WHAT YOU WILL DO ▸ Below are records with pictures in them. Output exactly the lines from the one with "Treking on horseback through the mountains" through the one with "Aerial Alexx Drone Services", both included, and leave every picture out; give only those lines.

INFORMATION ▸
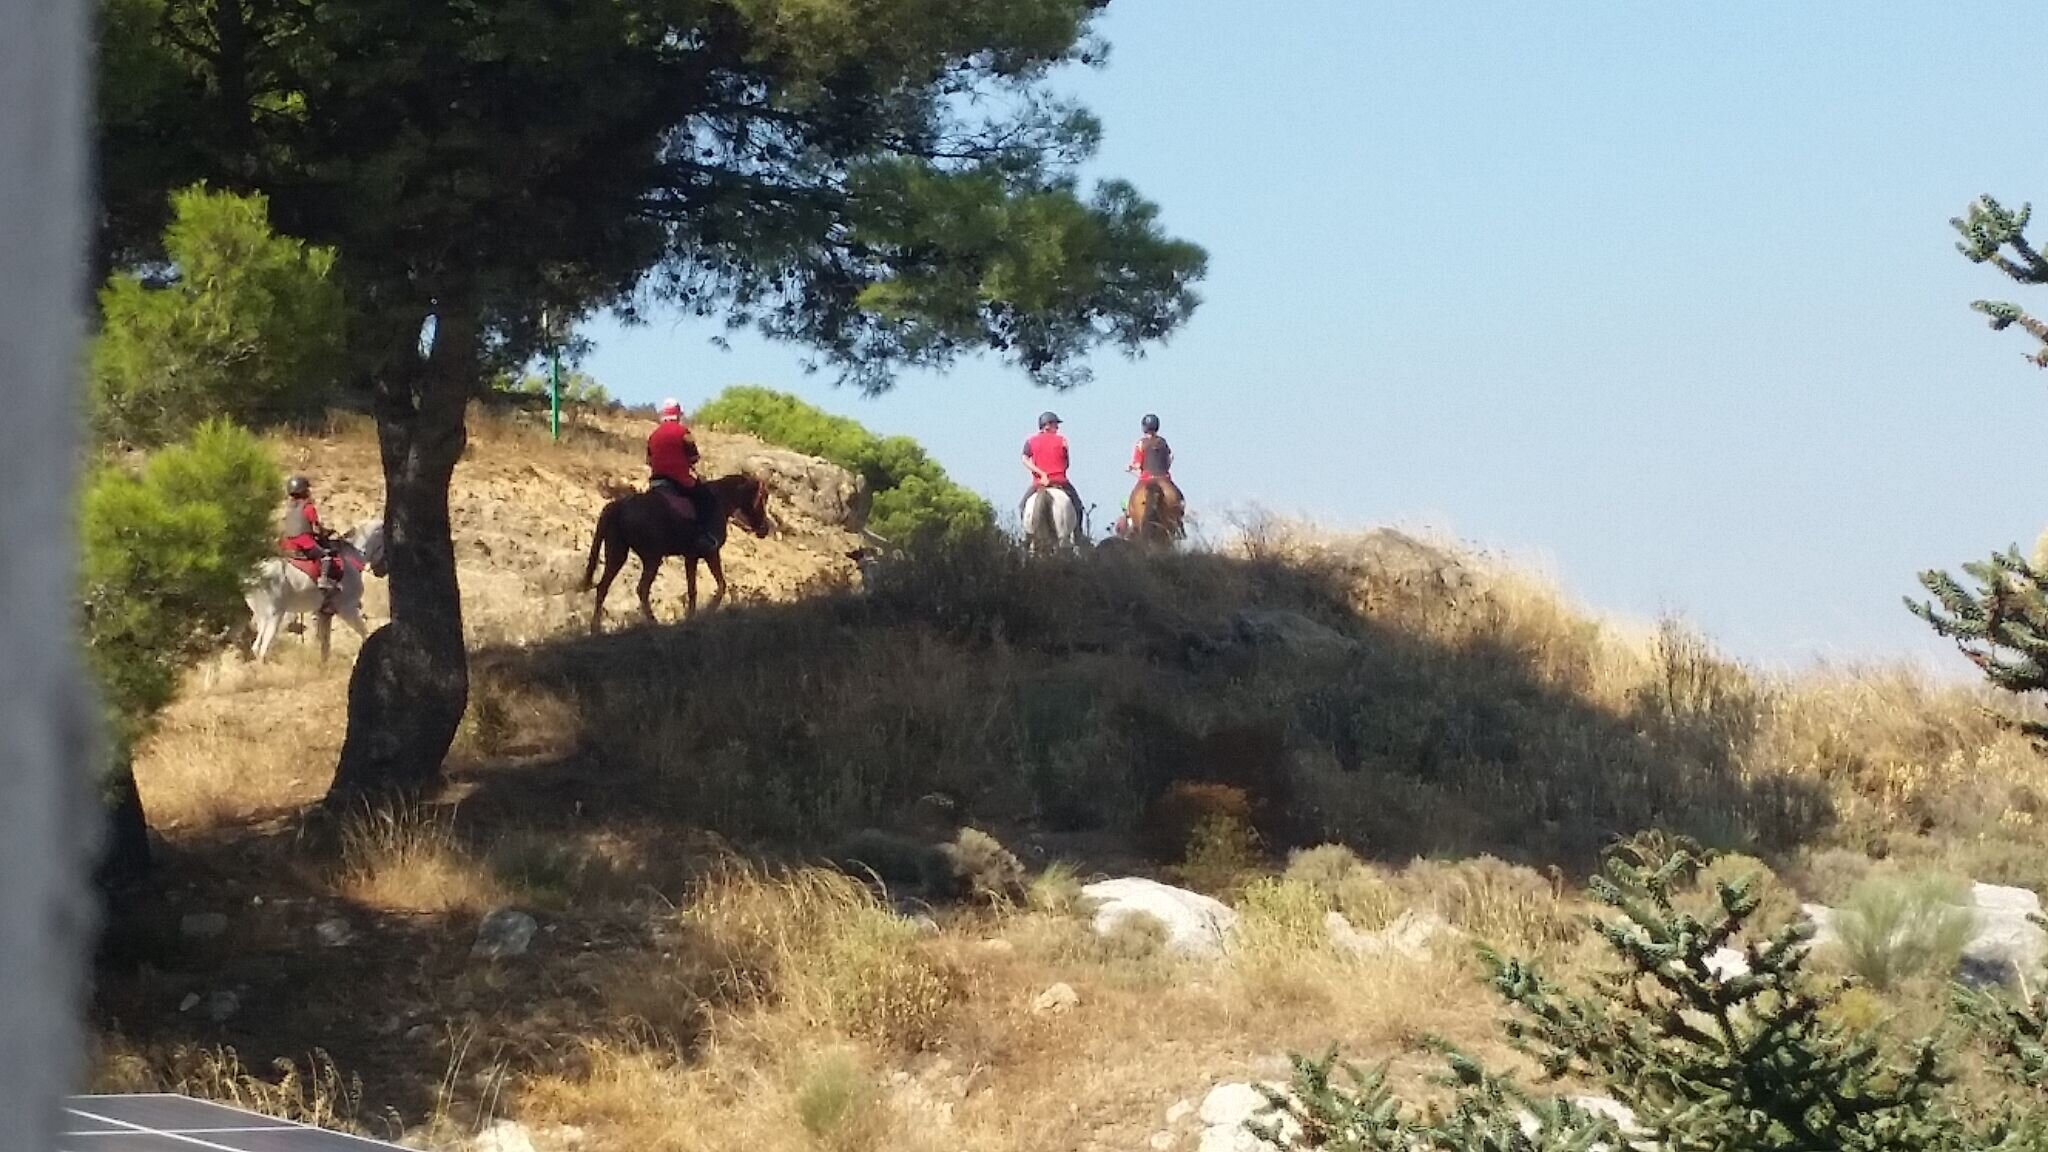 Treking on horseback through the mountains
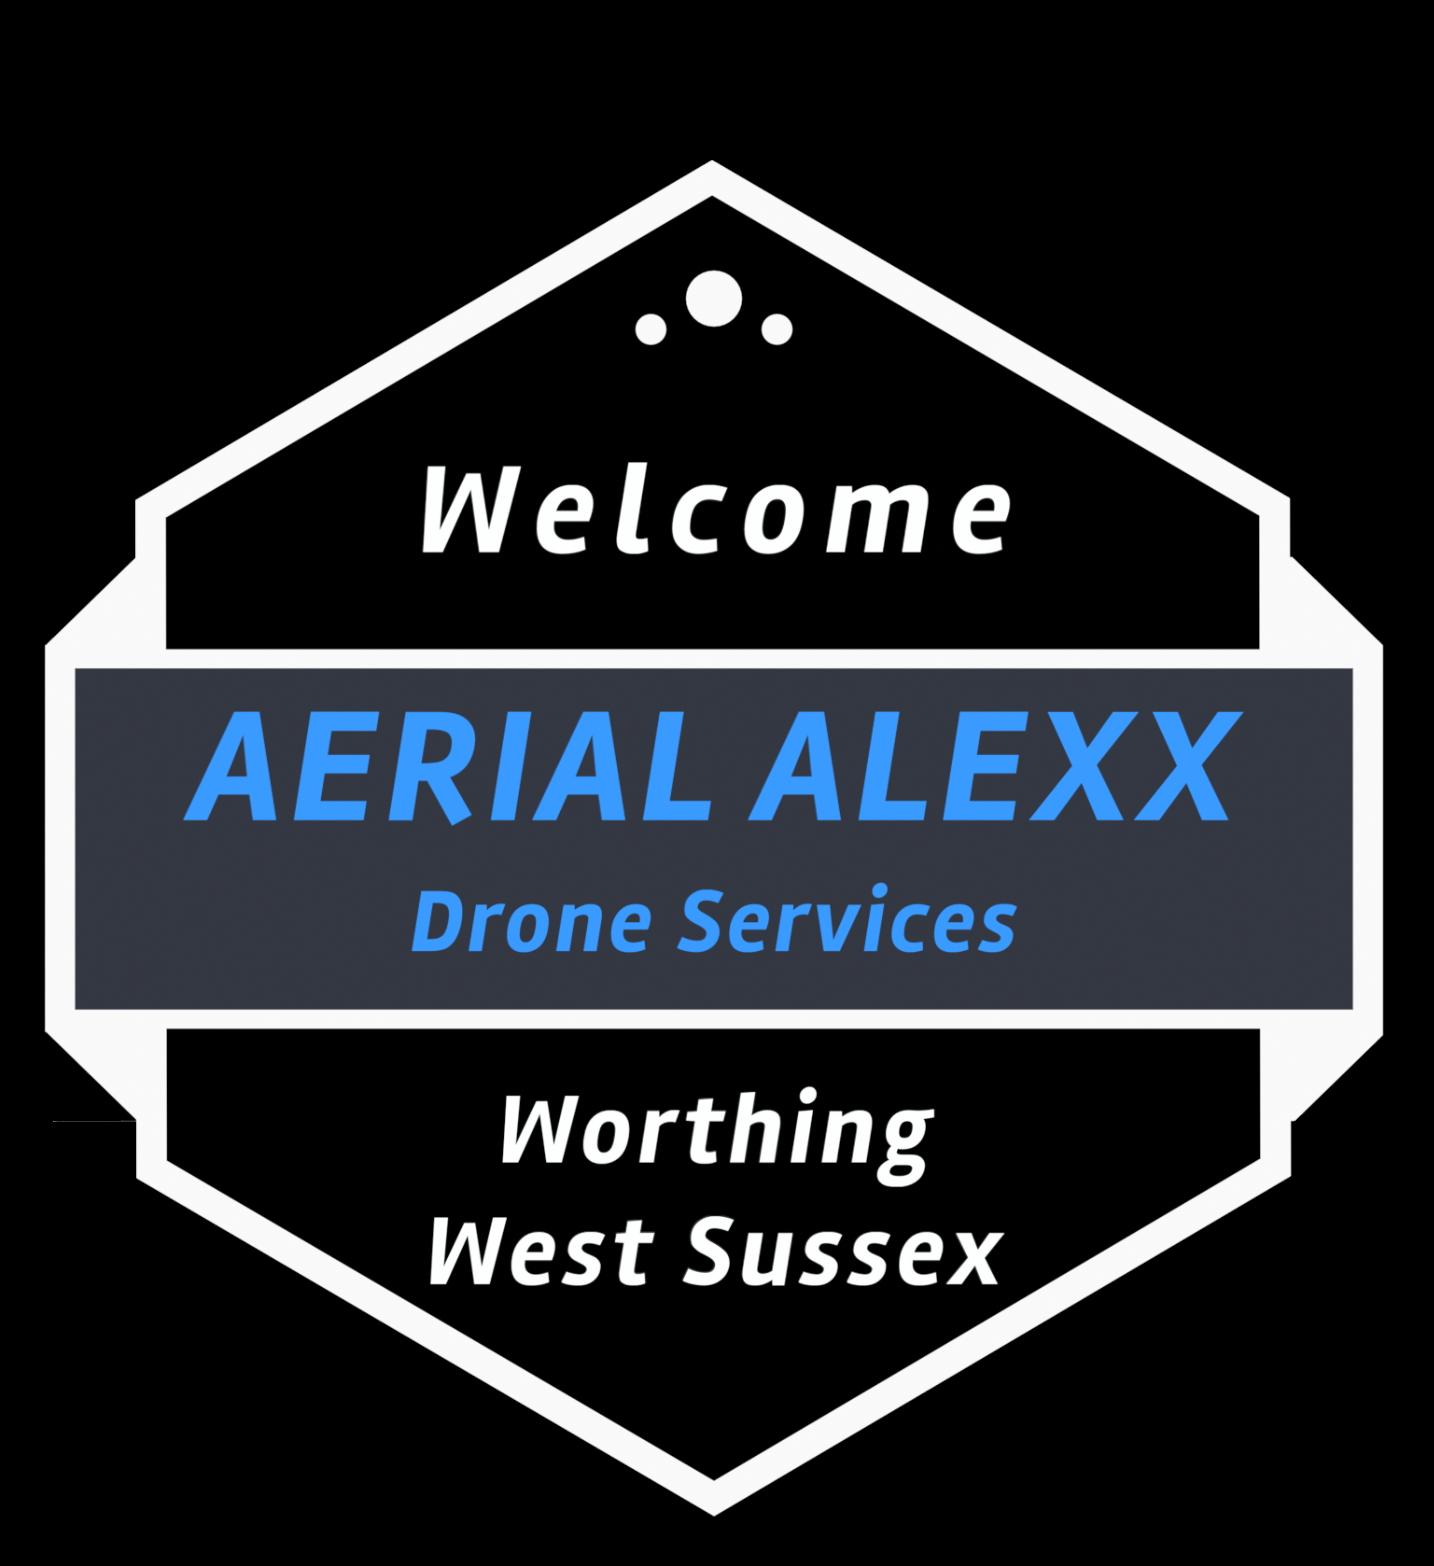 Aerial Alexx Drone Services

* * *

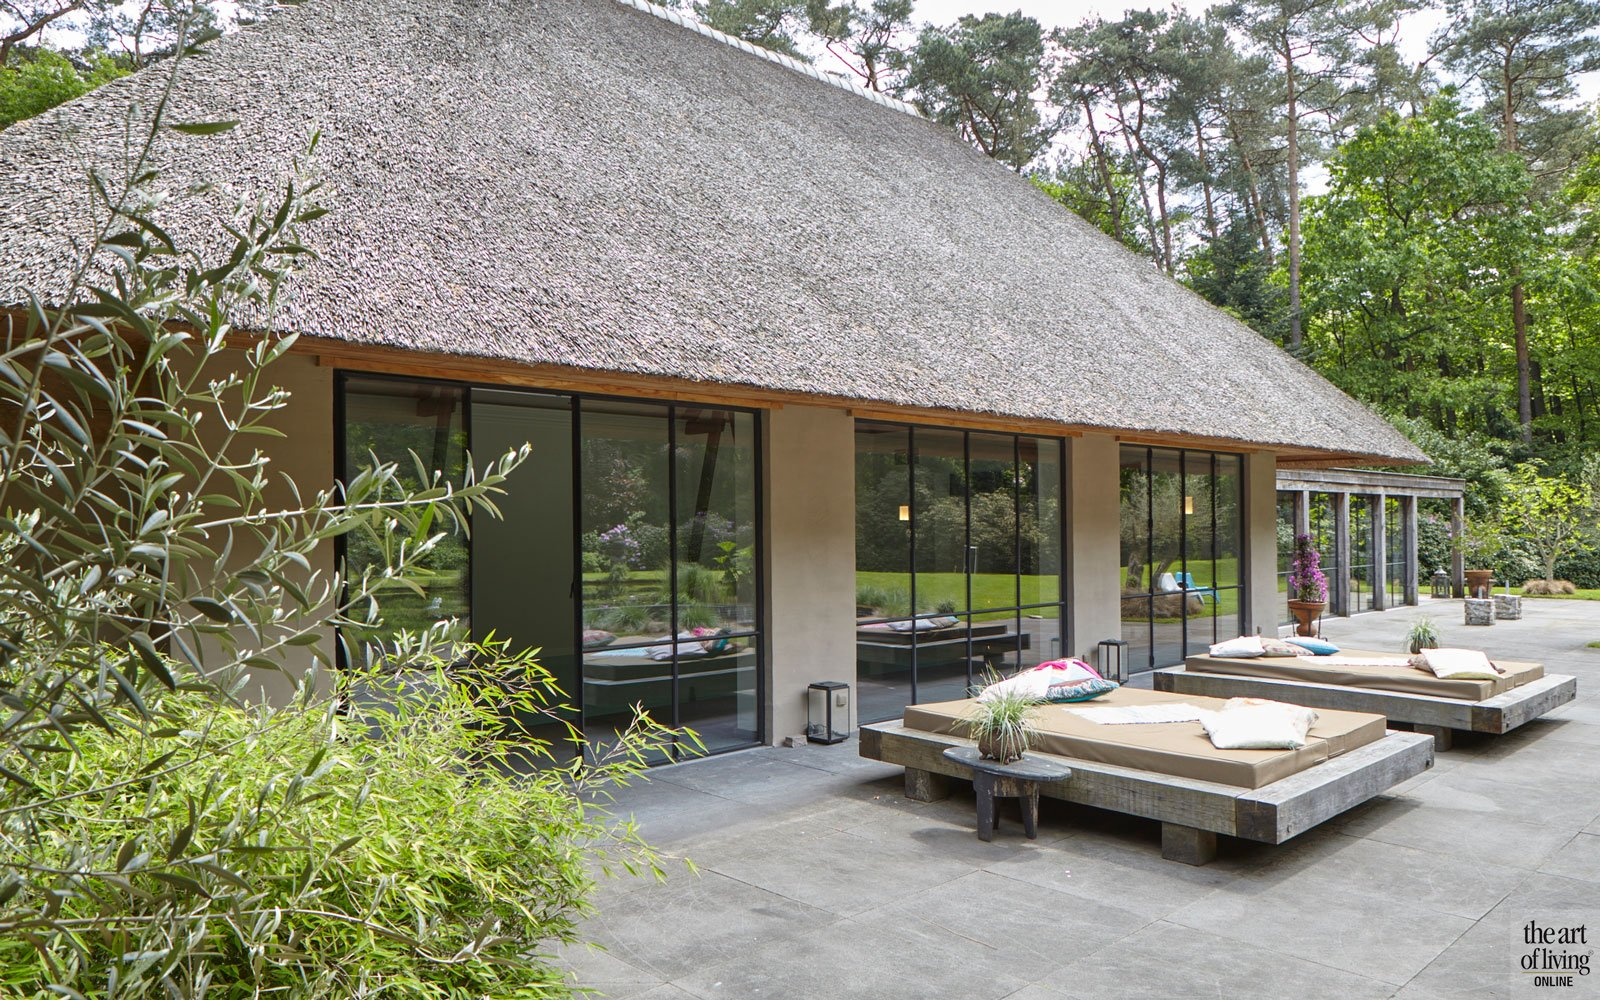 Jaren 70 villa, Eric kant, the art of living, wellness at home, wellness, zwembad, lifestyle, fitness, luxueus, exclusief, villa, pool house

SOLUTION FOR THIS EXERCISE ▸
 Treking on horseback through the mountains
 Aerial Alexx Drone Services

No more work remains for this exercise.